● DATASET EXCERPT:
Content starts
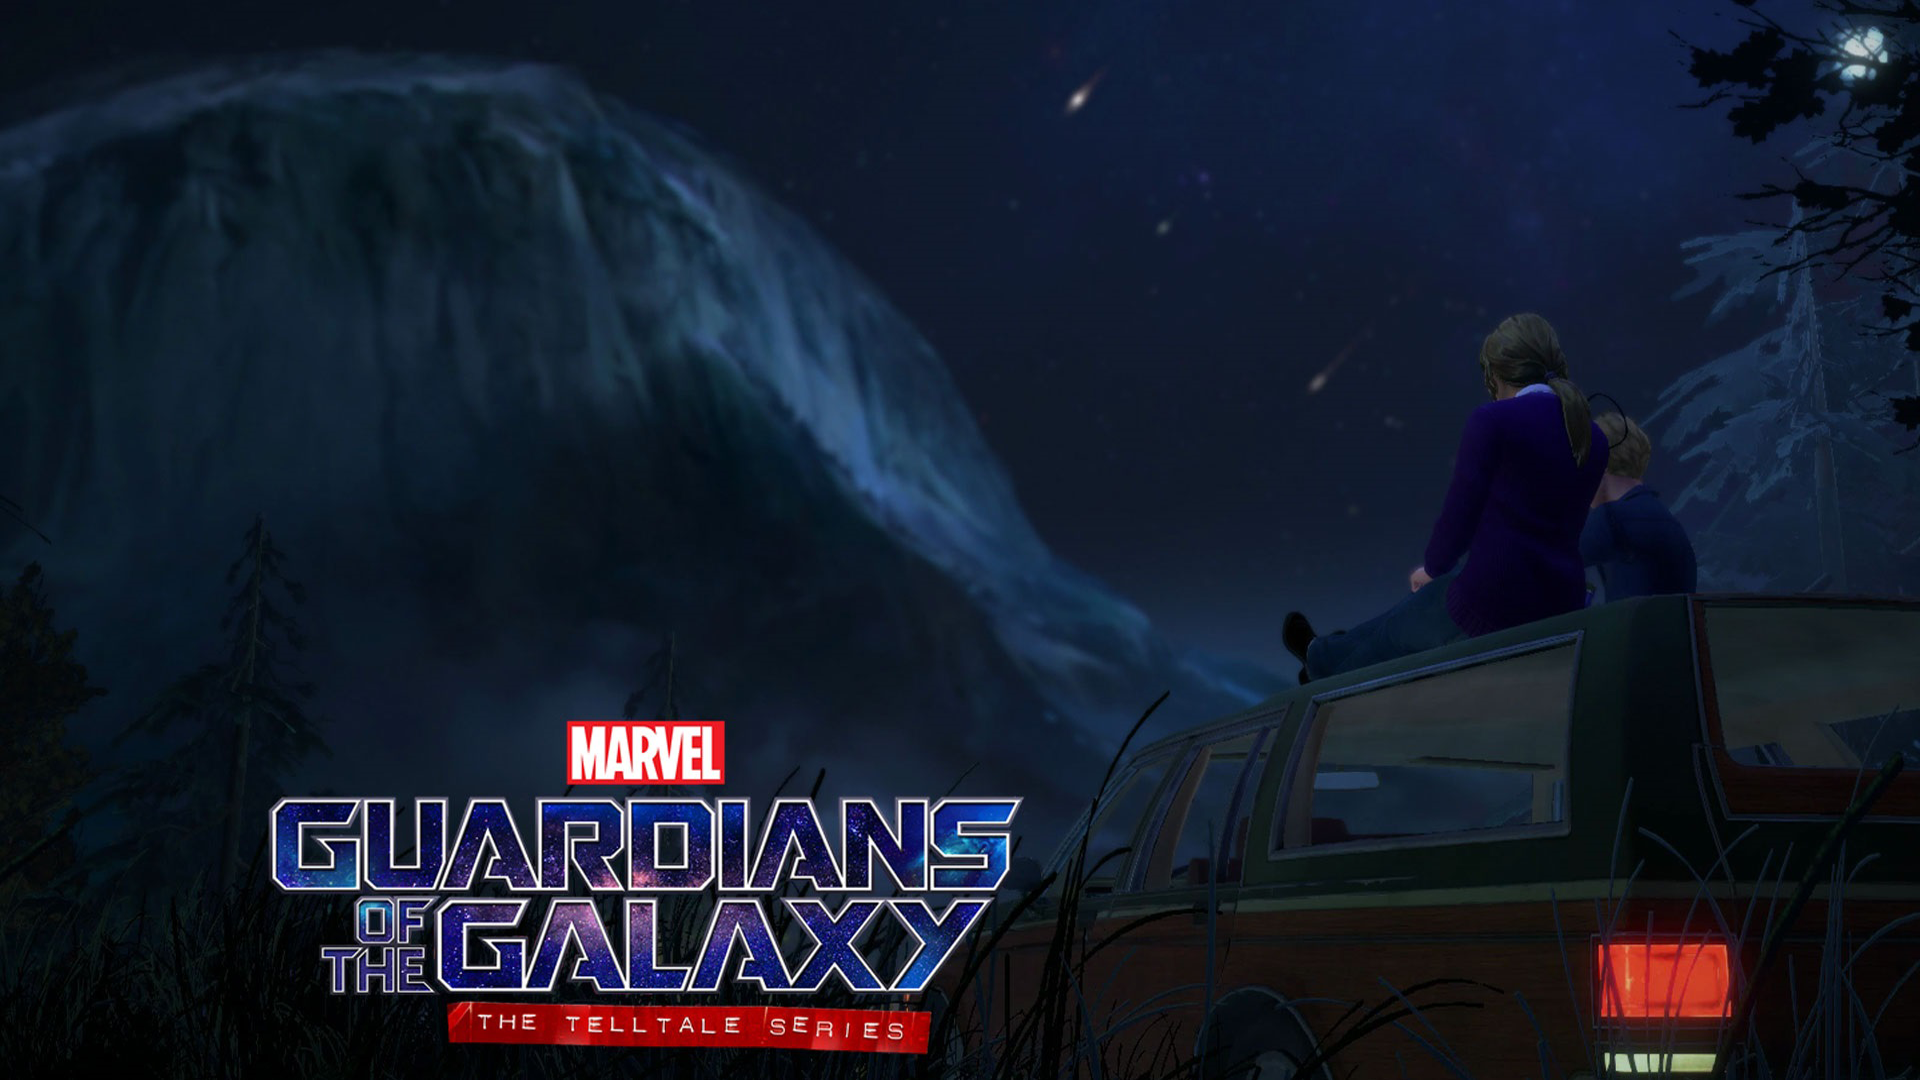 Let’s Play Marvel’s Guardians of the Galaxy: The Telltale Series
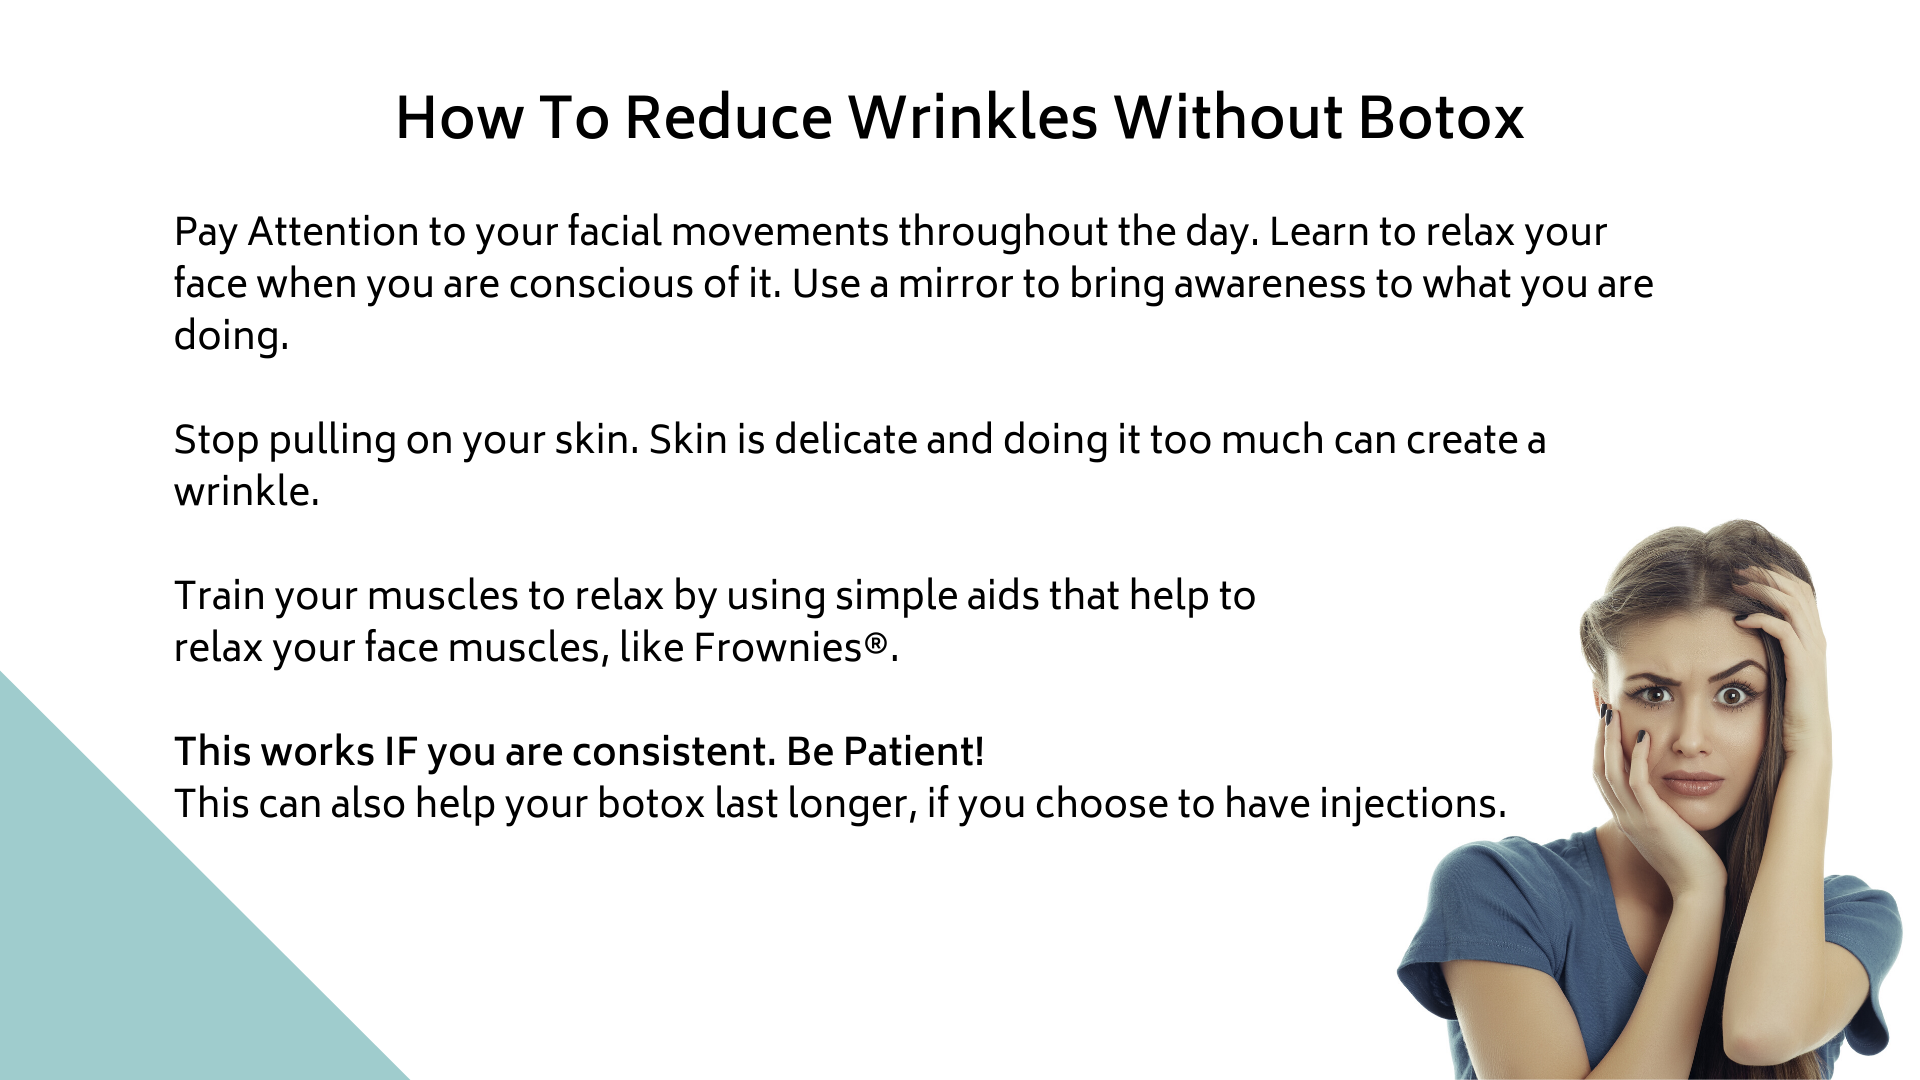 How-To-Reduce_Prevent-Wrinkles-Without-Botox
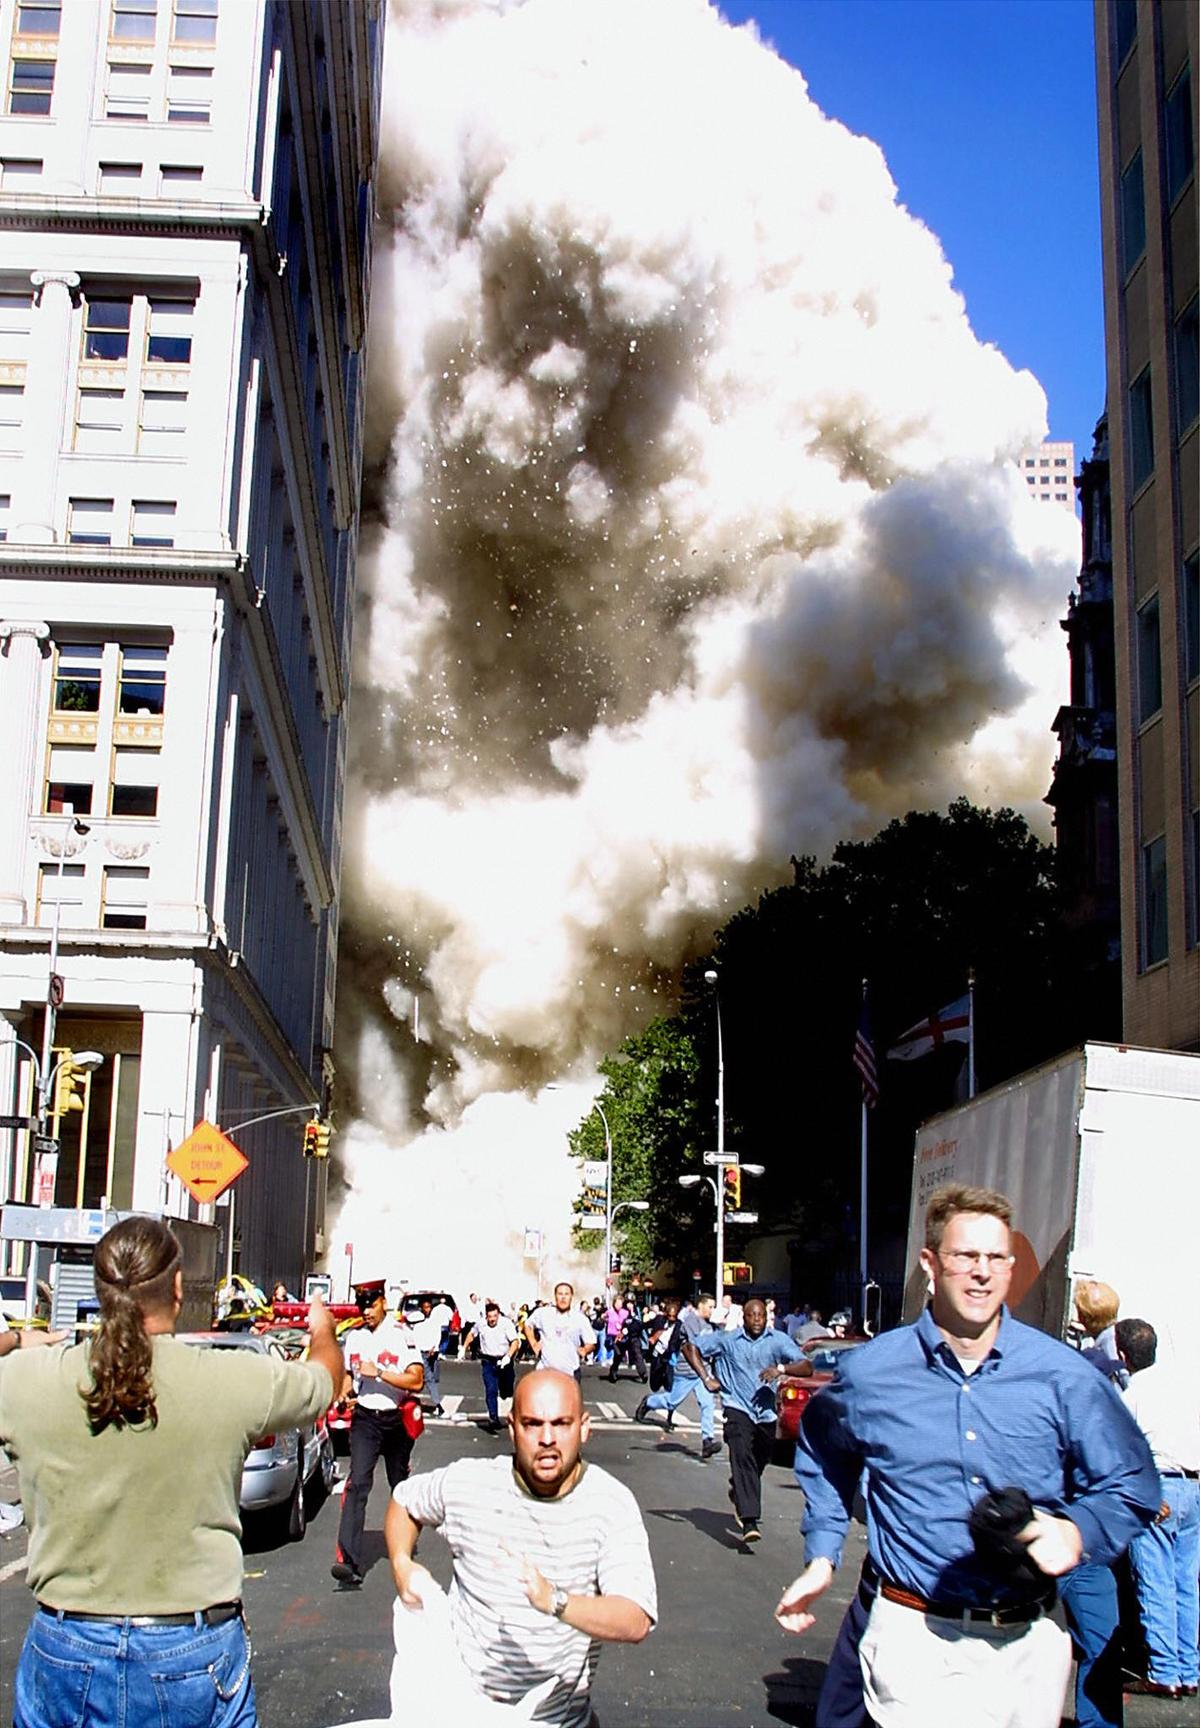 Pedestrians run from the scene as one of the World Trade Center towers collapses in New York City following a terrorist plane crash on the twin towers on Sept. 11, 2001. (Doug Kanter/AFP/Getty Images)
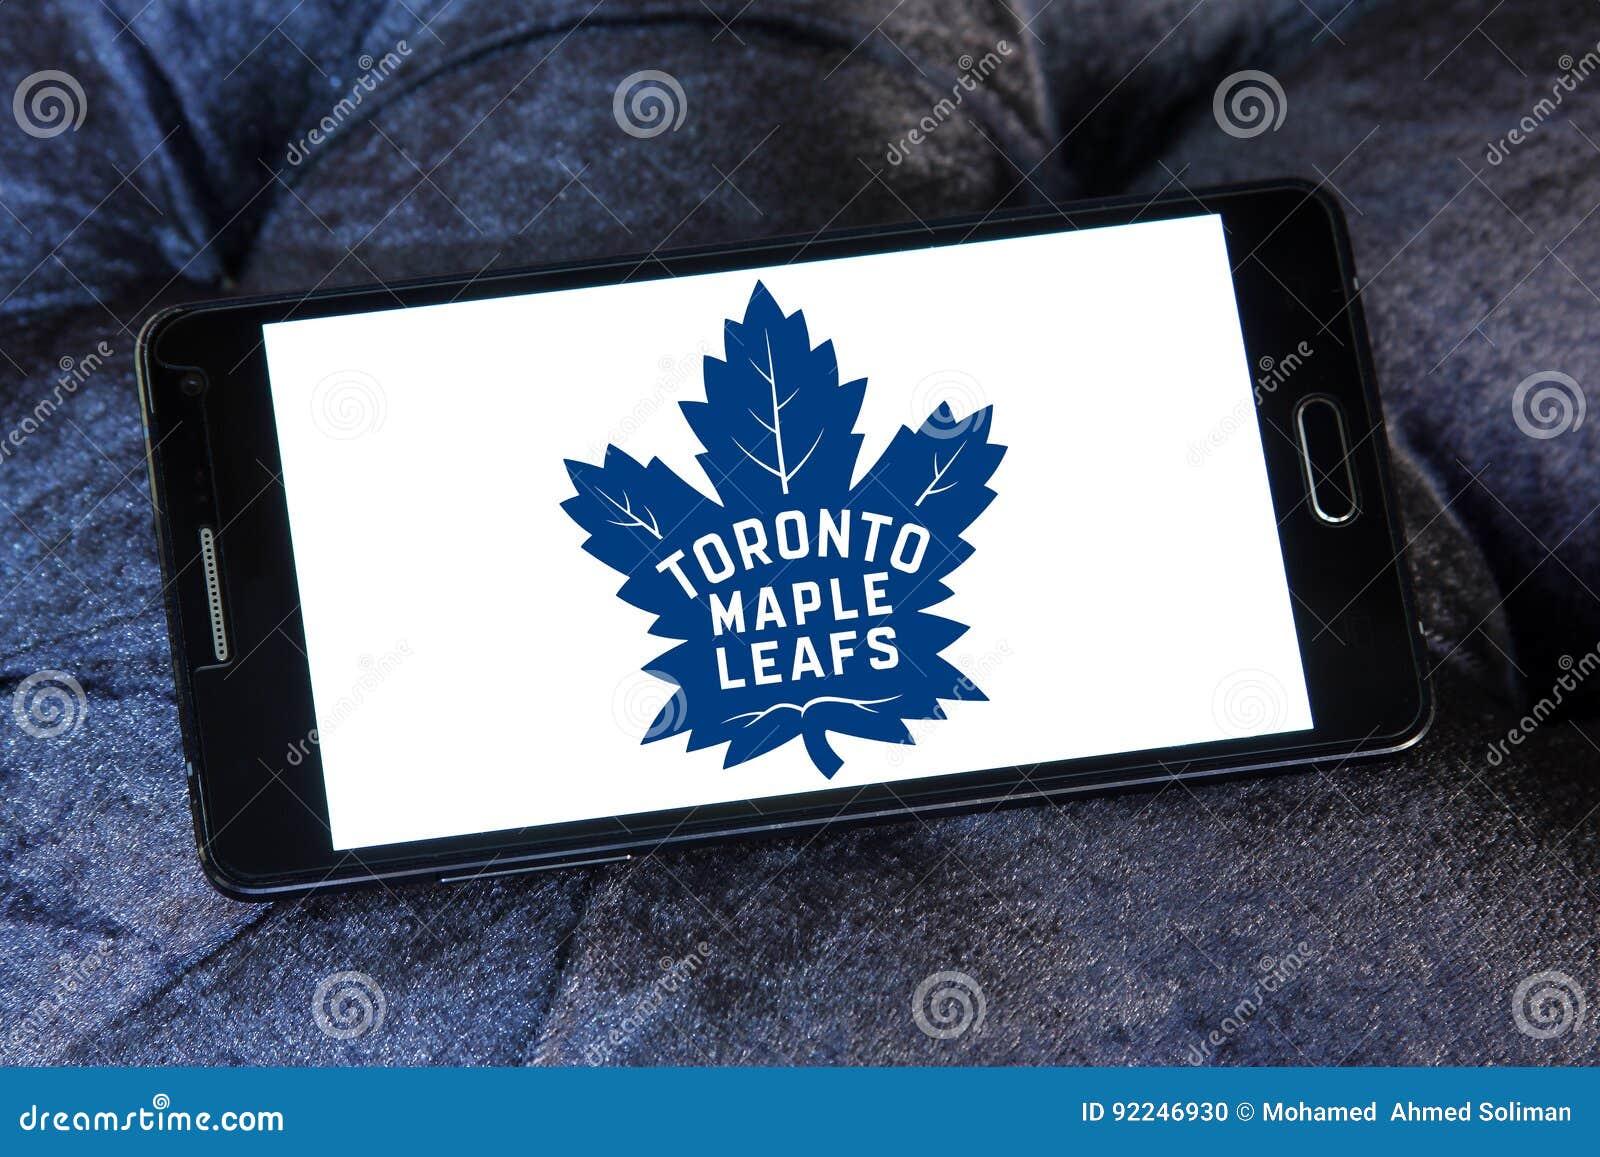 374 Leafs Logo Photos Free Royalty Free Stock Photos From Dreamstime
Content ends
Write out, please, the lines of the listing above from the one with "Pedestrians run from" through the very last, exactly as given and with no pictures.

 Pedestrians run from the scene as one of the World Trade Center towers collapses in New York City following a terrorist plane crash on the twin towers on Sept. 11, 2001. (Doug Kanter/AFP/Getty Images)
 374 Leafs Logo Photos Free Royalty Free Stock Photos From Dreamstime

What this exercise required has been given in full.